Маргарита рассмеялась.

— Он в два счета вылечит.

— Марго, ты сможешь его разыскать?

— Ну, Митенька, такие дела только с глазу на глаз… А там какой-то Борис Яковлевич… Хочешь меня в историю втянуть?

— Дорогая моя, — сказал я раздельно и твердо, — не понимаю, о чем ты говоришь. Мне нужен доктор, который один только сможет мне помочь. За ценой не постою. Договорились? Ты позвонишь?

— Подумаю.

— Благодарю.

Я положил трубку, повторил «благодарю» с поклоном, пошел к двери, услышал:

— Вы меня заинтриговали, Дмитрий Павлович. Крупный специалист? Может, я слыхал?

— Может, и слыхали. Мефистофель.

Глава четвертая:

ПЕРВЫЙ ПИР

Трое вошли в сад: профессиональный поэт Никита, по прозвищу Символист, многодетный учитель Сашка, бывший сокурсник Мити по университету, и друг детства Евгений Романович Вэлос, экономист, по происхождению якобы грек.
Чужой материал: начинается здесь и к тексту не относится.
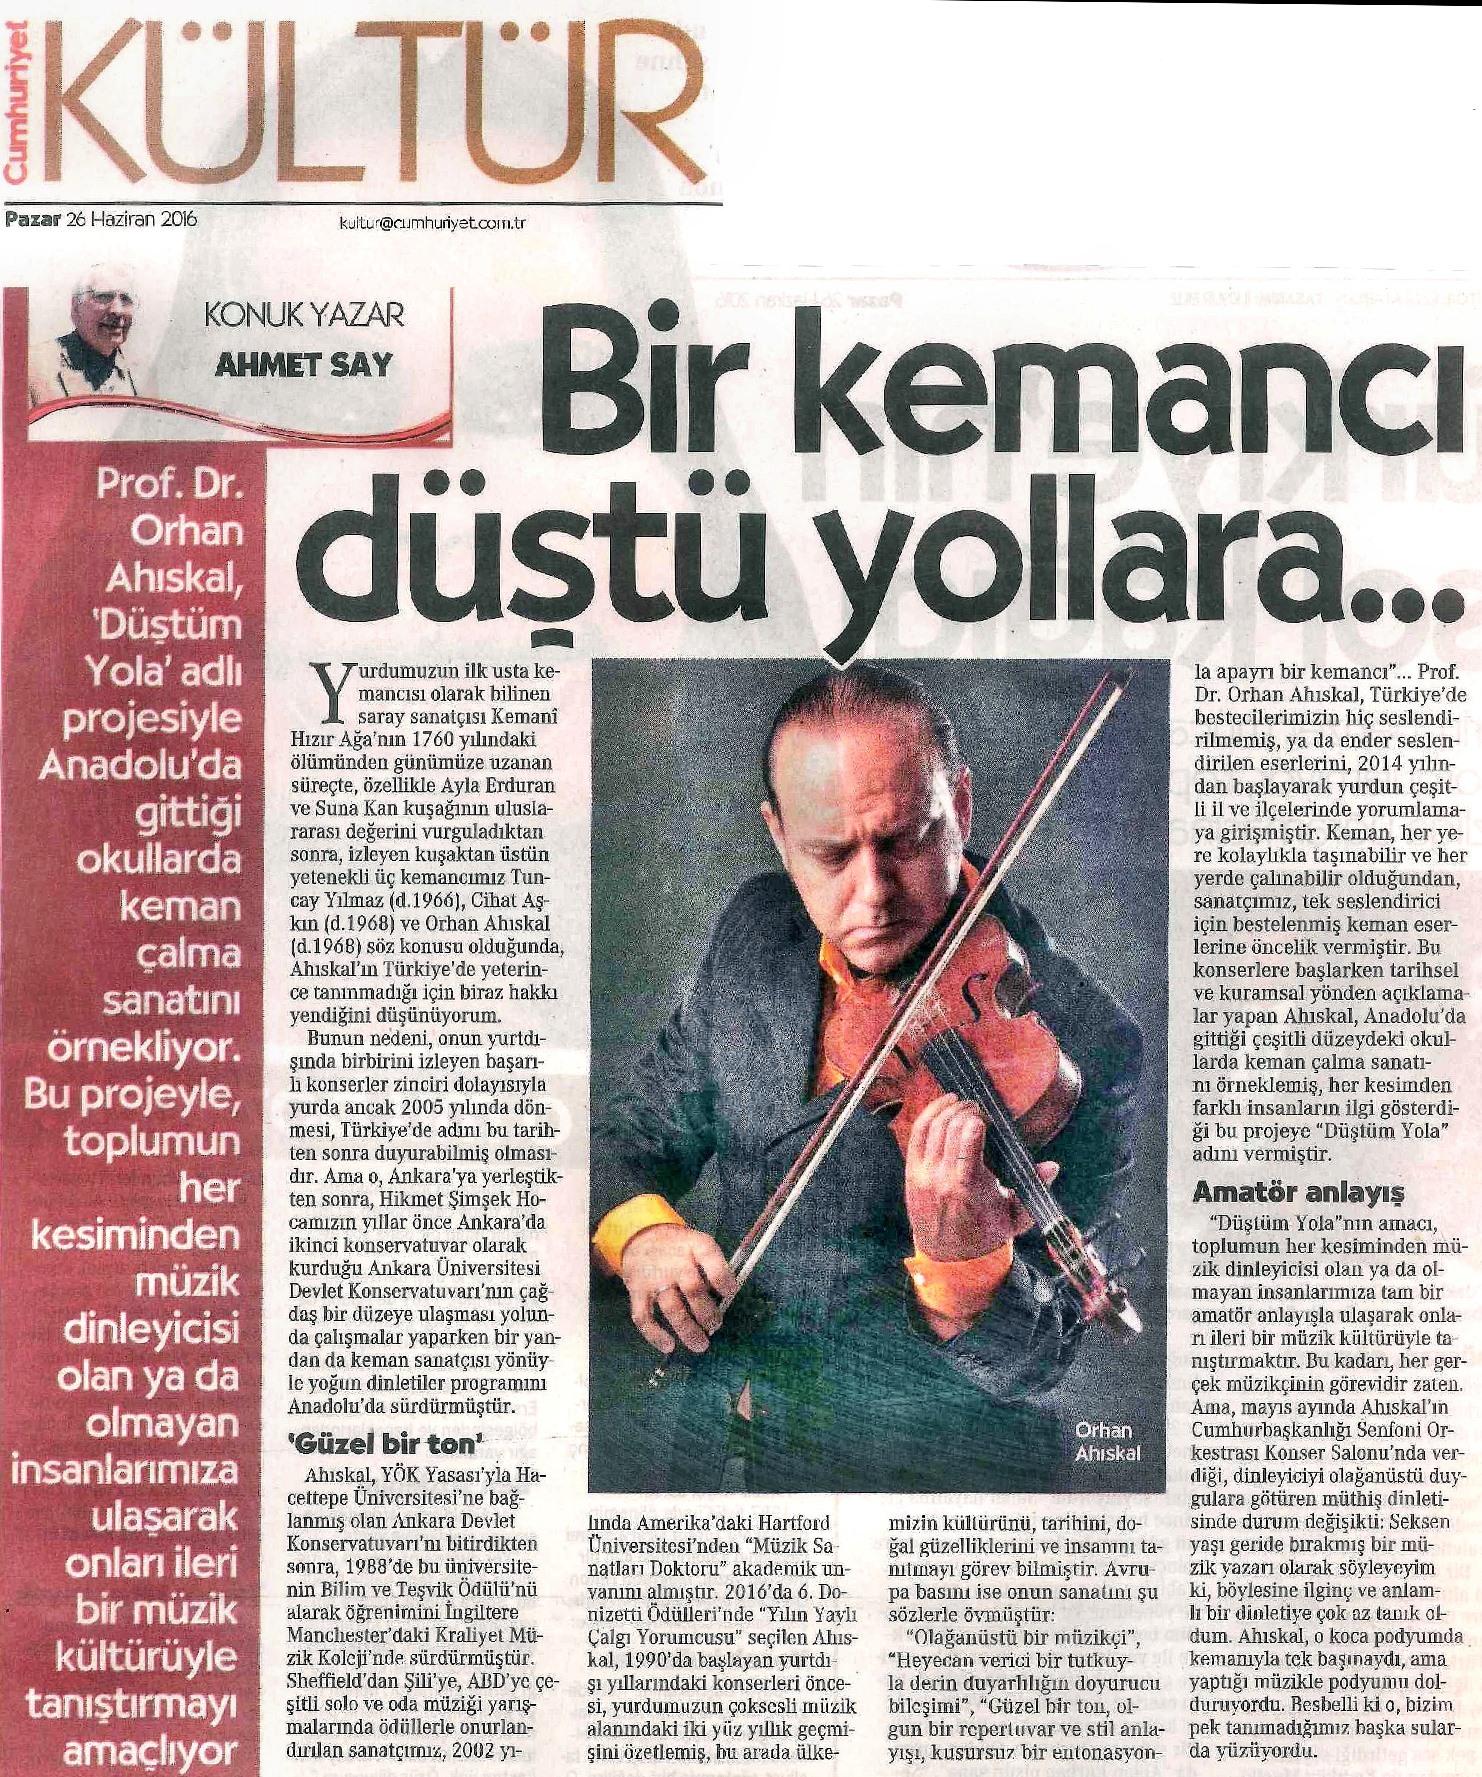 2016.06.26 Cumhuriyet (Ahmet Say)

И пир наступил, предзакатный, закатный, парадоксальный и прекрасный, потому что она сидела напротив, он видел ее лицо (с трудом, ослепленный дымом, хмелем) и понимал, что все безнадежно.

— Покуда есть шампанское, есть надежда, — заявил толстый вальяжный Никита и выпил.

— Надежда на подагру, — заметил Сашка (напротив — худой, измотанный, семейный) и также выпил. — Дворянская болезнь — определенный признак культуры.

— Не дворянская, а лакейская, — возразил Вэлос. — Лакеи допивали в больших количествах. Каждая кухарка, сказал вождь, будет при социализме пить шампанское.